**Data shown:**
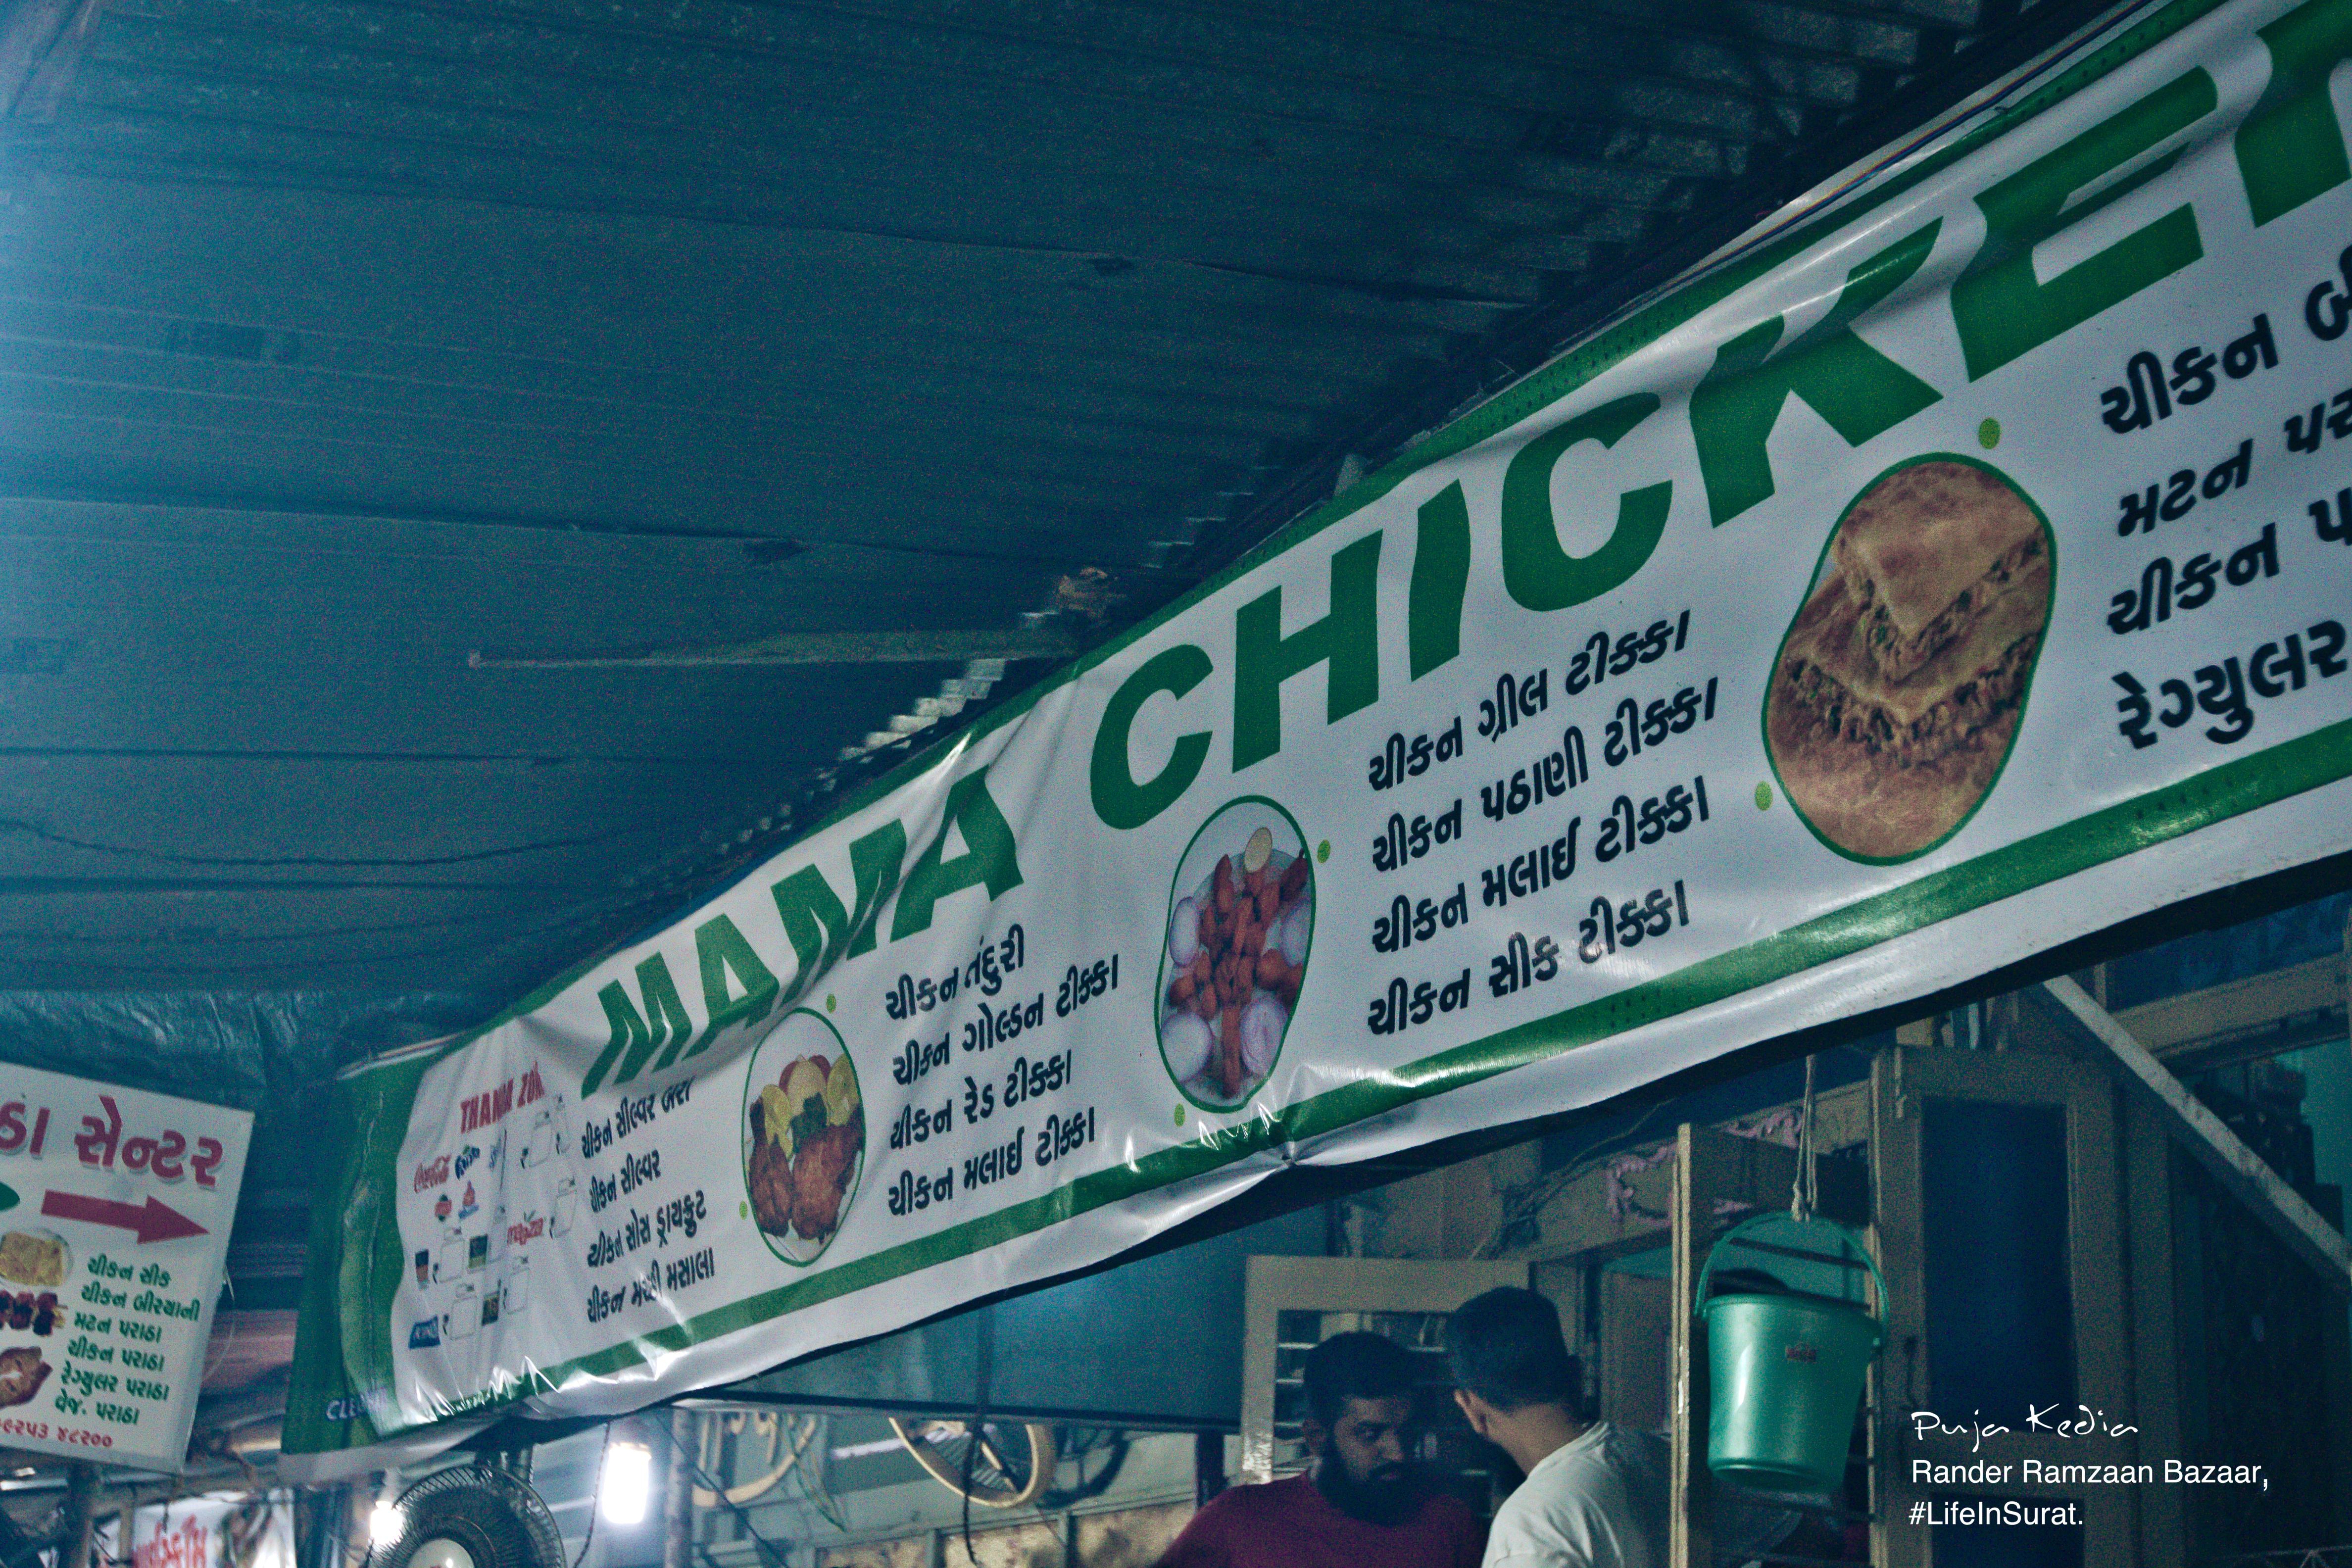 Rander Ramzaan Bazaar Mama's
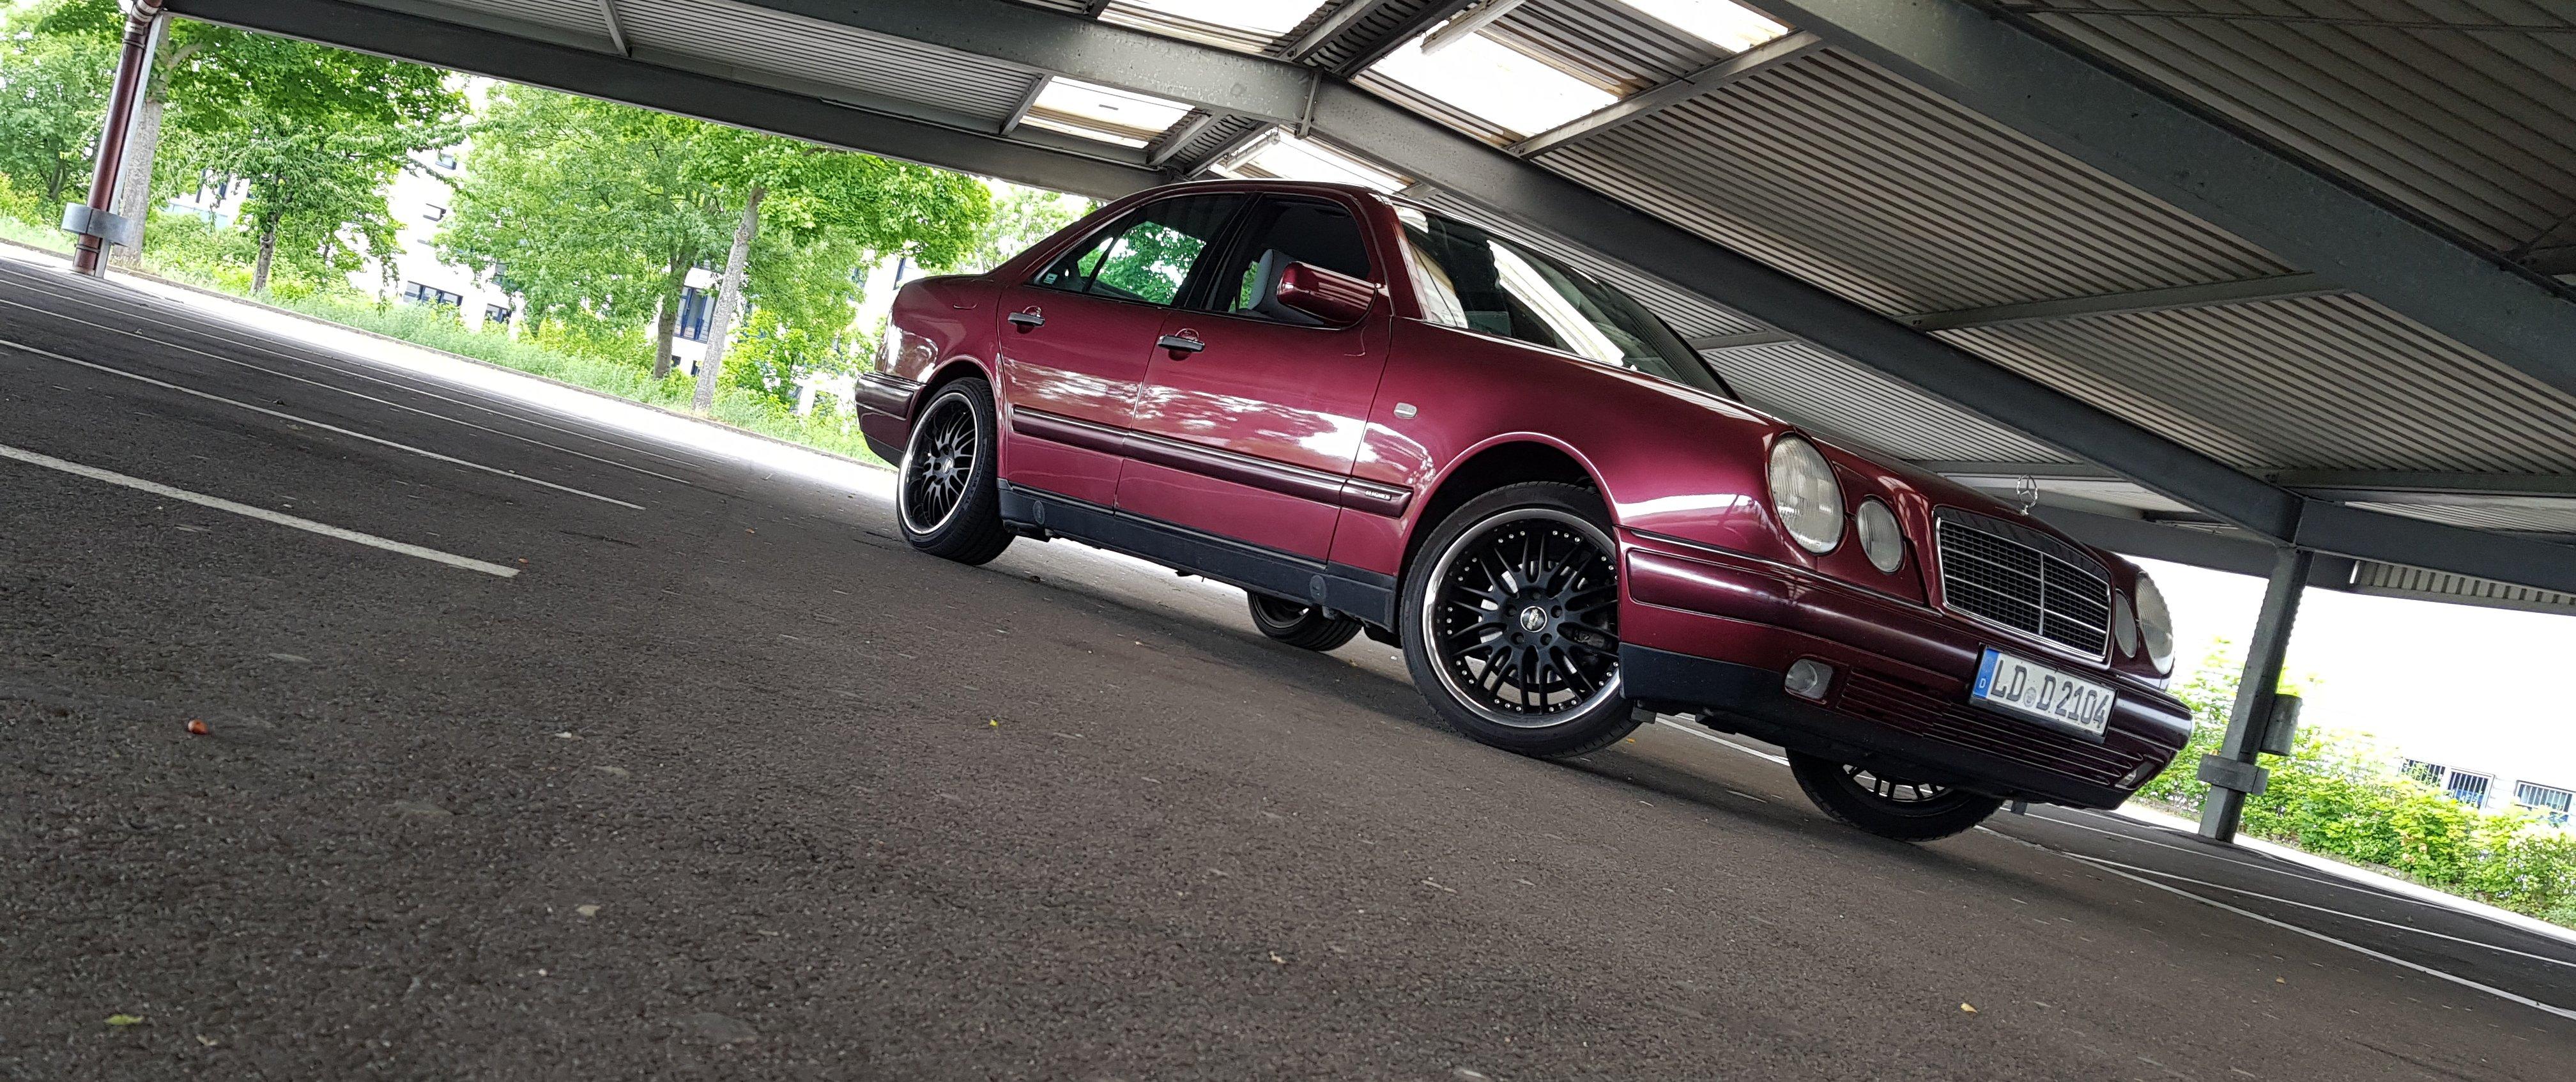 Mercedes-Benz – E-Klasse – ORIGINAL MERCEDES-BENZ – Royal GT – Anthrazit – 18 Zoll
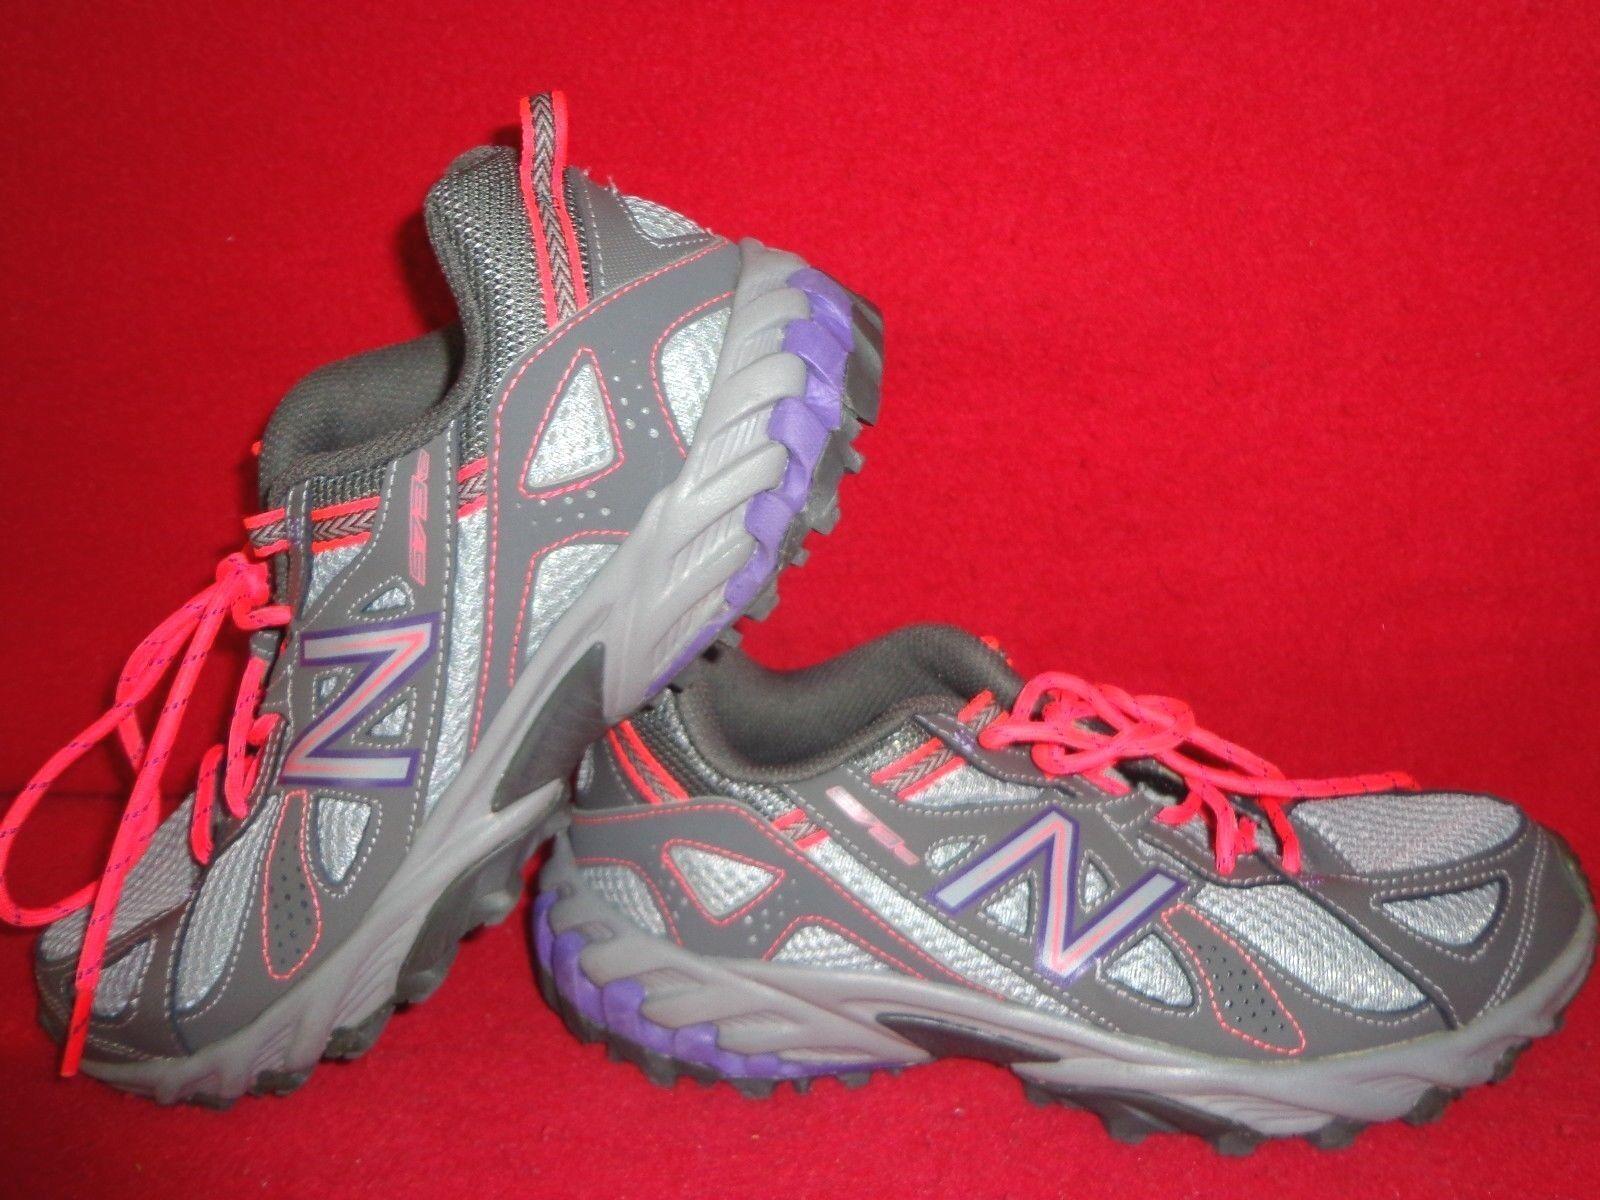 New Balance Trail 573v2 B-(WTE573P2) Athletic Women's shoes Multi-color Size 9

**Your goal:** From the listing, extract all text exactly as given and drop any picture.

**Written answer:**
 Rander Ramzaan Bazaar Mama's
 Mercedes-Benz – E-Klasse – ORIGINAL MERCEDES-BENZ – Royal GT – Anthrazit – 18 Zoll
 New Balance Trail 573v2 B-(WTE573P2) Athletic Women's shoes Multi-color Size 9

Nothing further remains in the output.